* Your assignment: Some of the lines below need repeating. Reproduce exactly those between the lines holding "Oil Rub Bronze, Ogee, 1X12, Satin" and "Piececool Flying Dutchman", inclusive.

* Data:

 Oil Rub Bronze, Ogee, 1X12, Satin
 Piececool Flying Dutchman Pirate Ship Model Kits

---

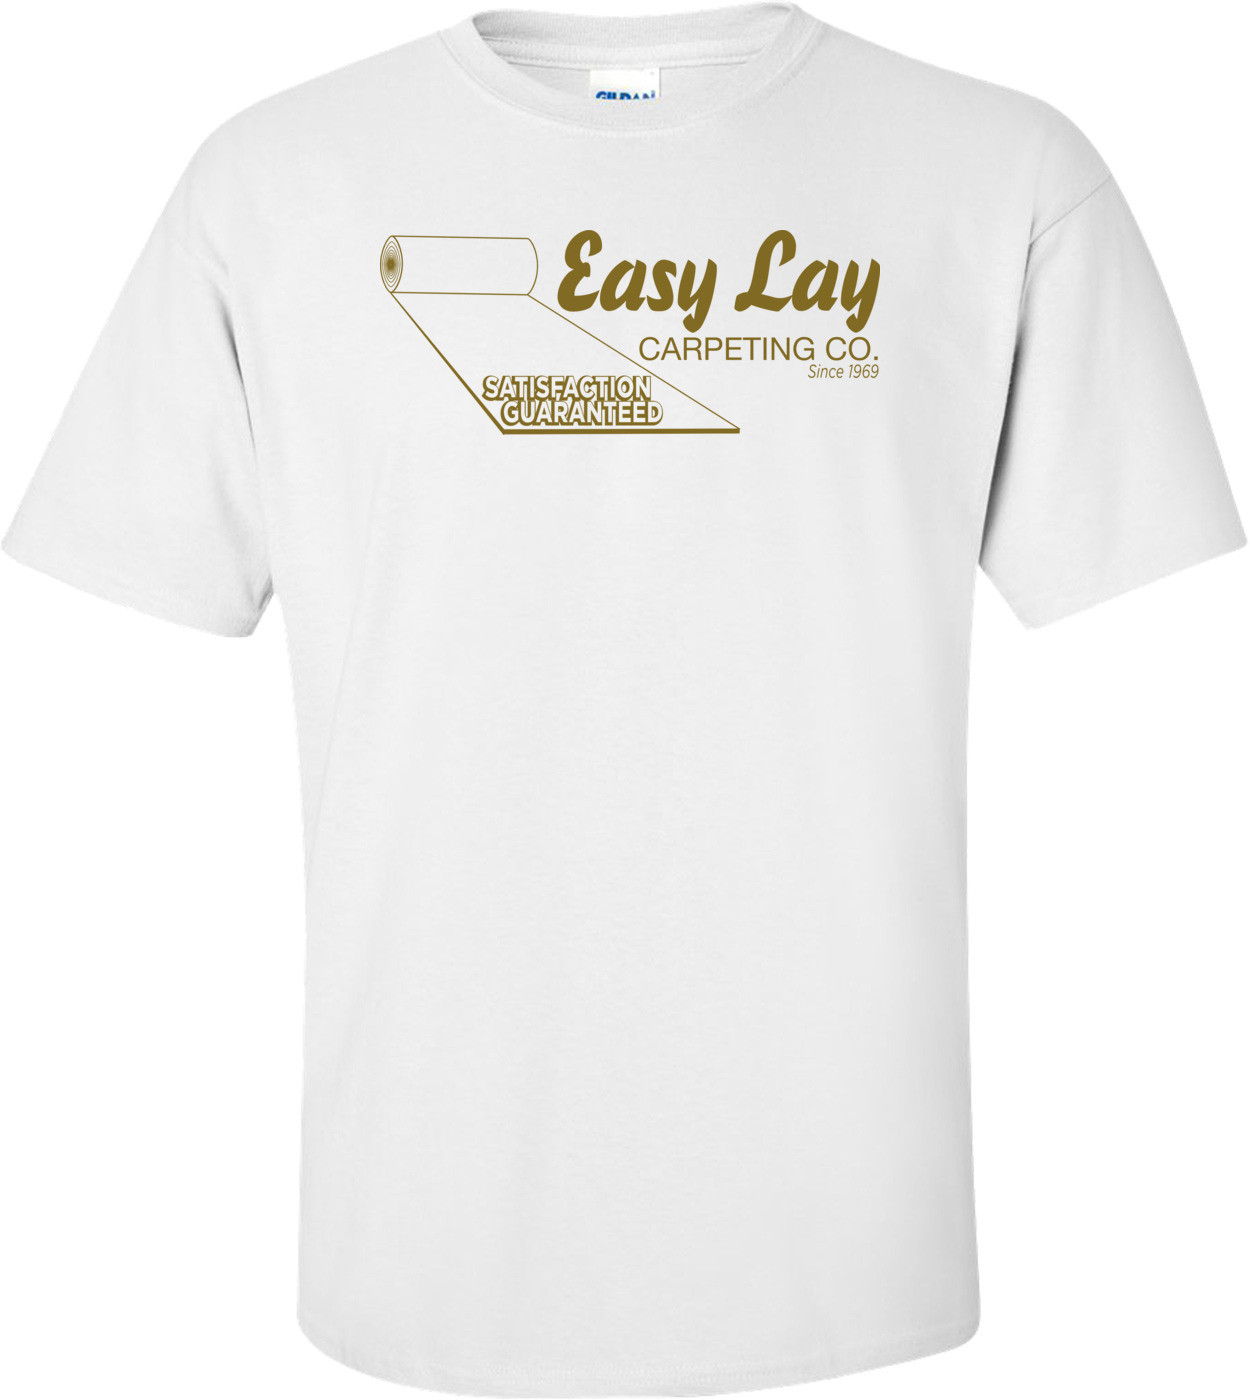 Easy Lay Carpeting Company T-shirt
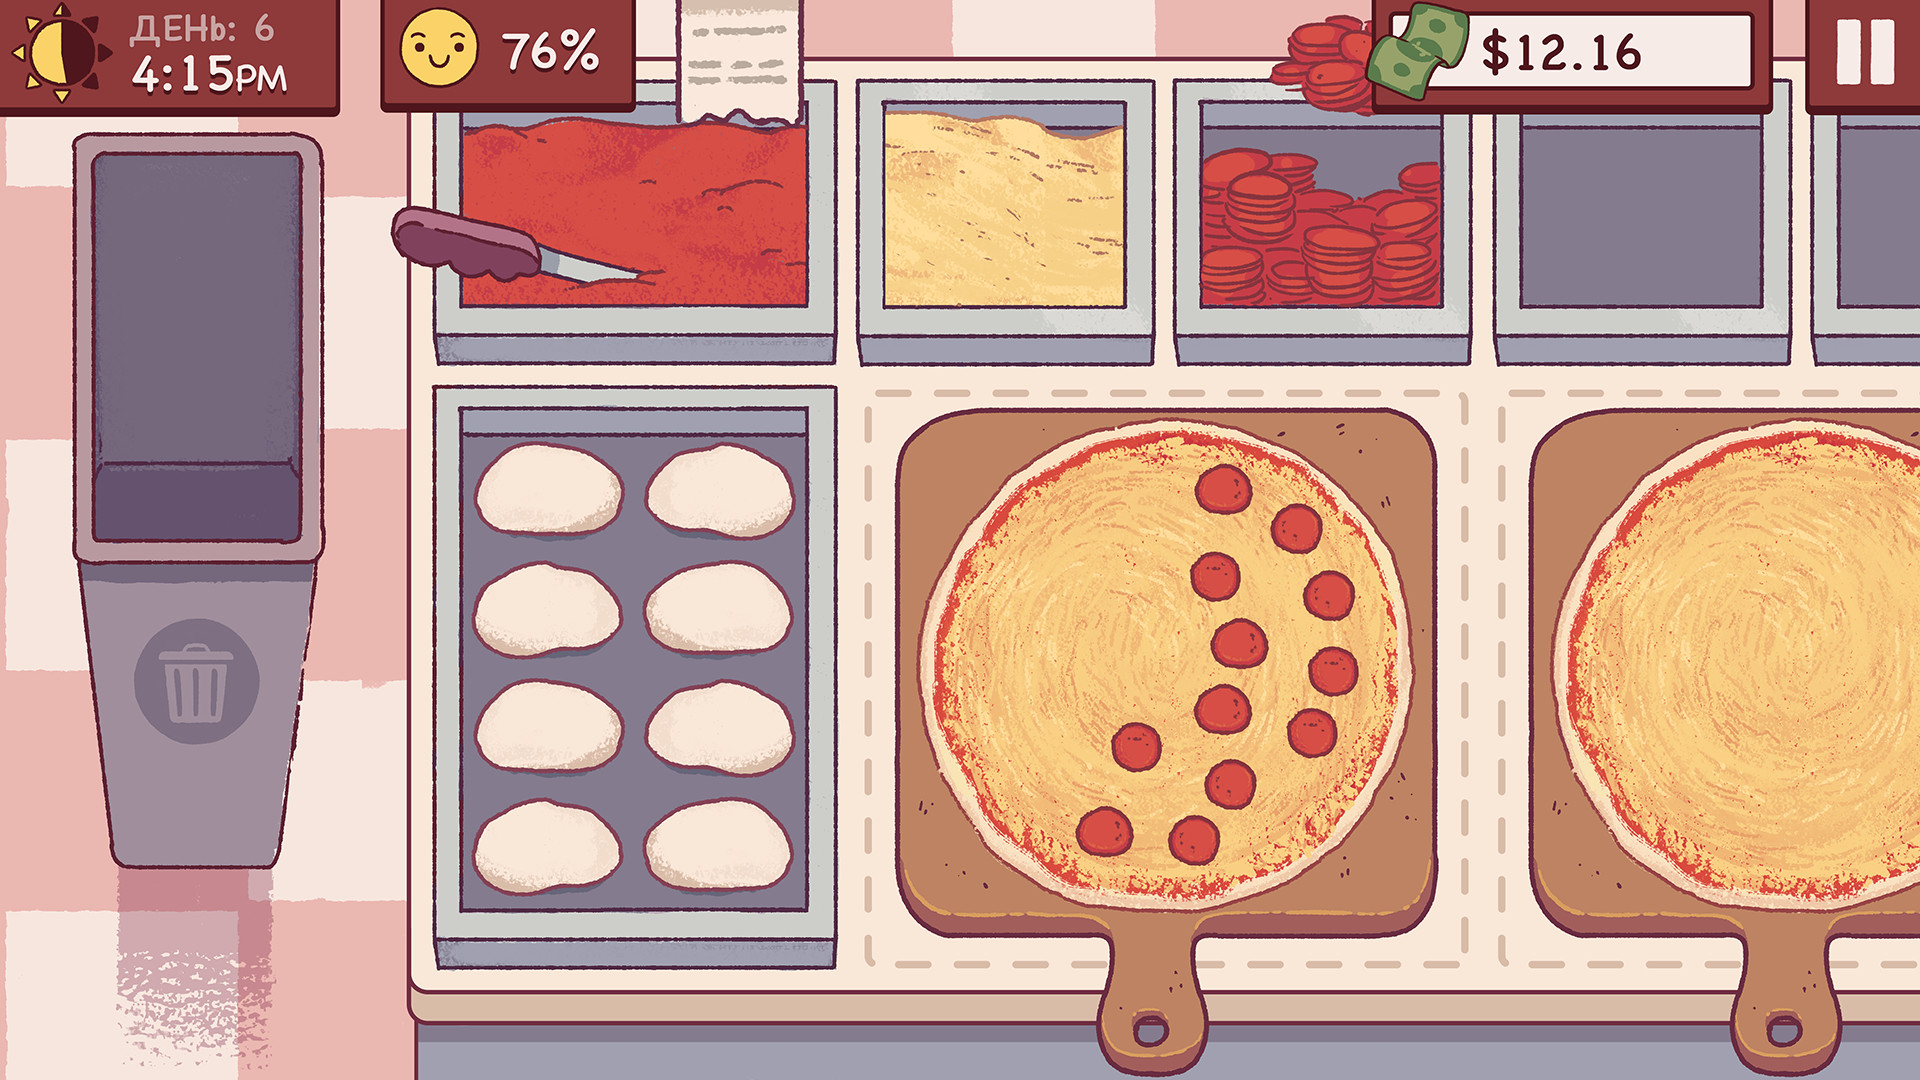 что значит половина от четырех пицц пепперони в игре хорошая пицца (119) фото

==

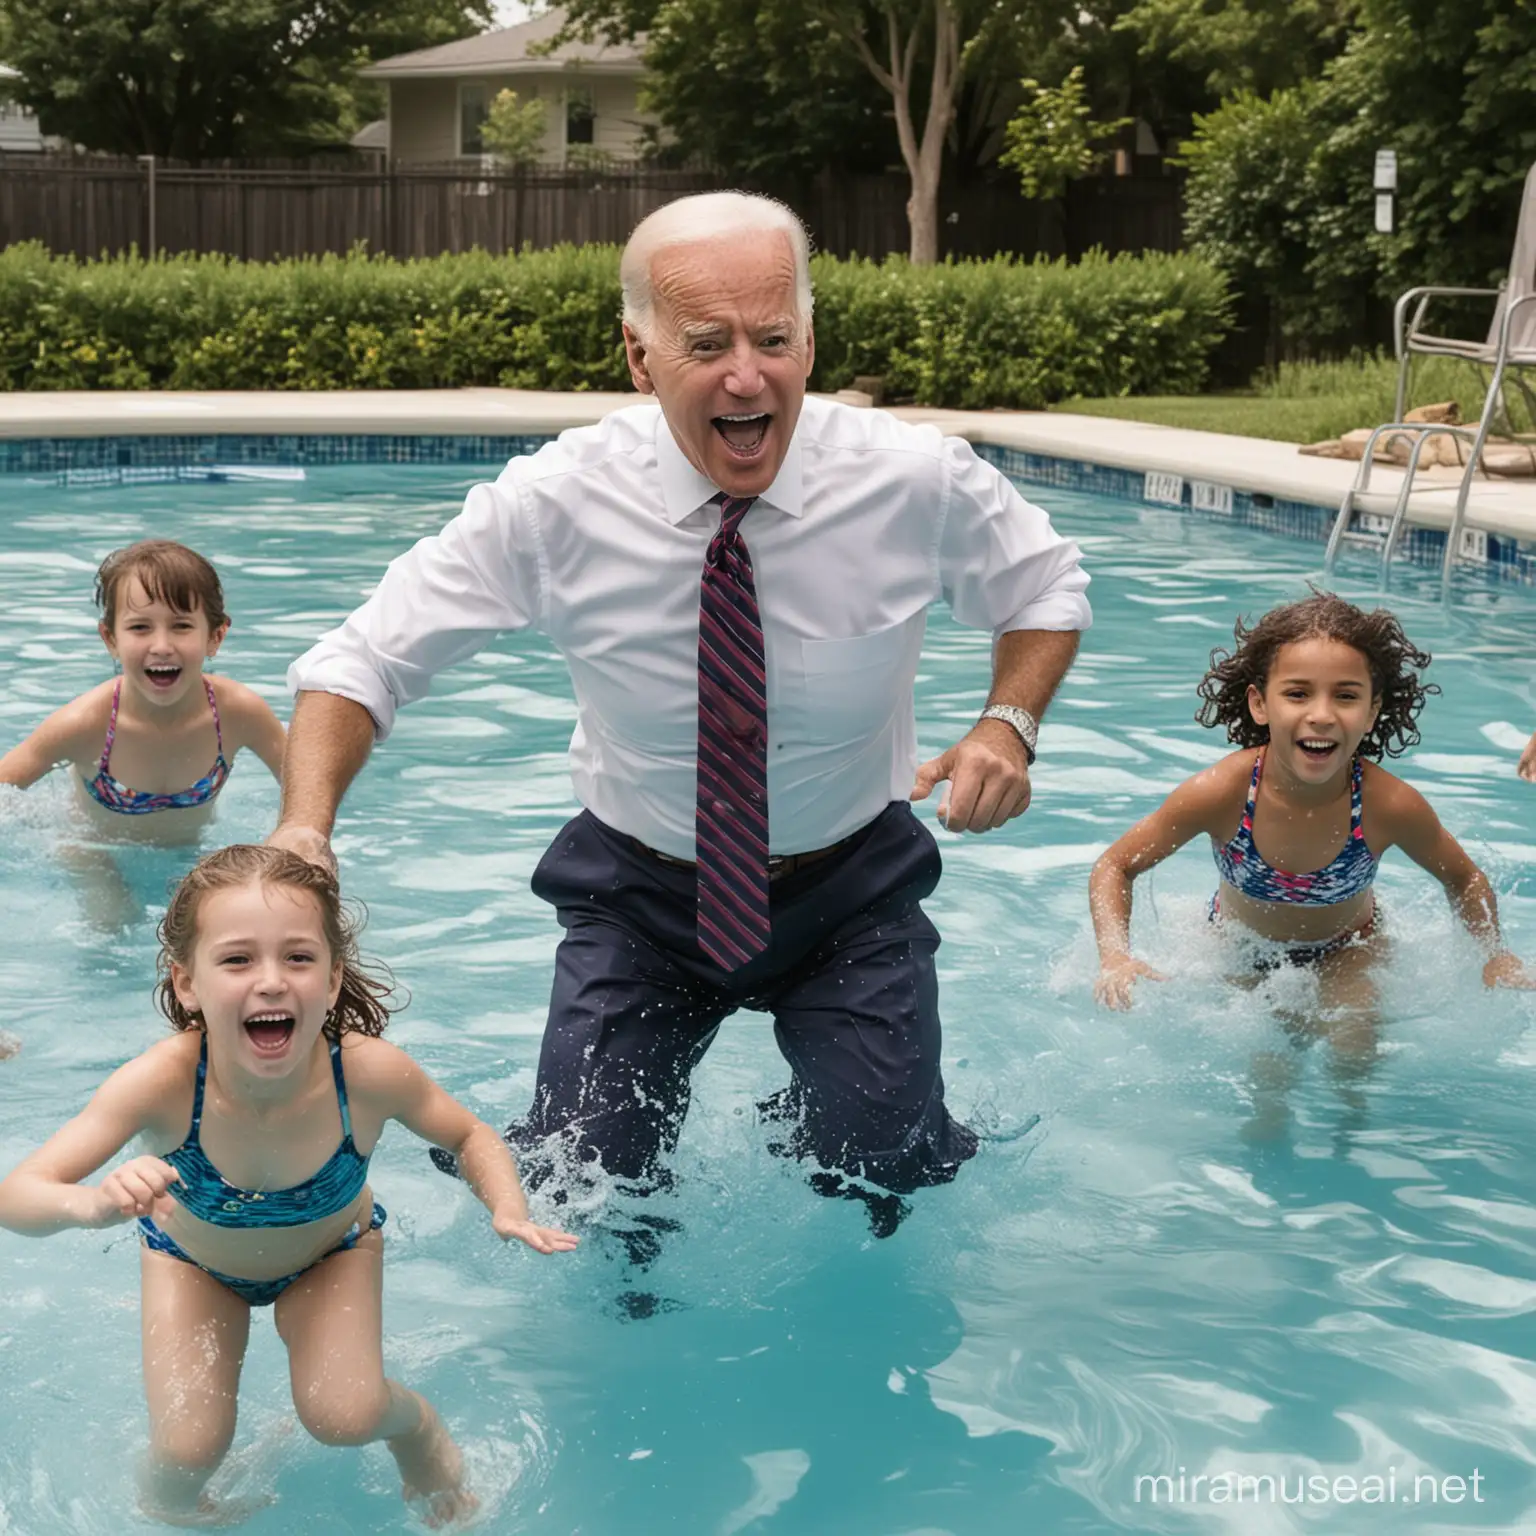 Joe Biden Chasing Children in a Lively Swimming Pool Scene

* Written solution:
 Oil Rub Bronze, Ogee, 1X12, Satin
 Piececool Flying Dutchman Pirate Ship Model Kits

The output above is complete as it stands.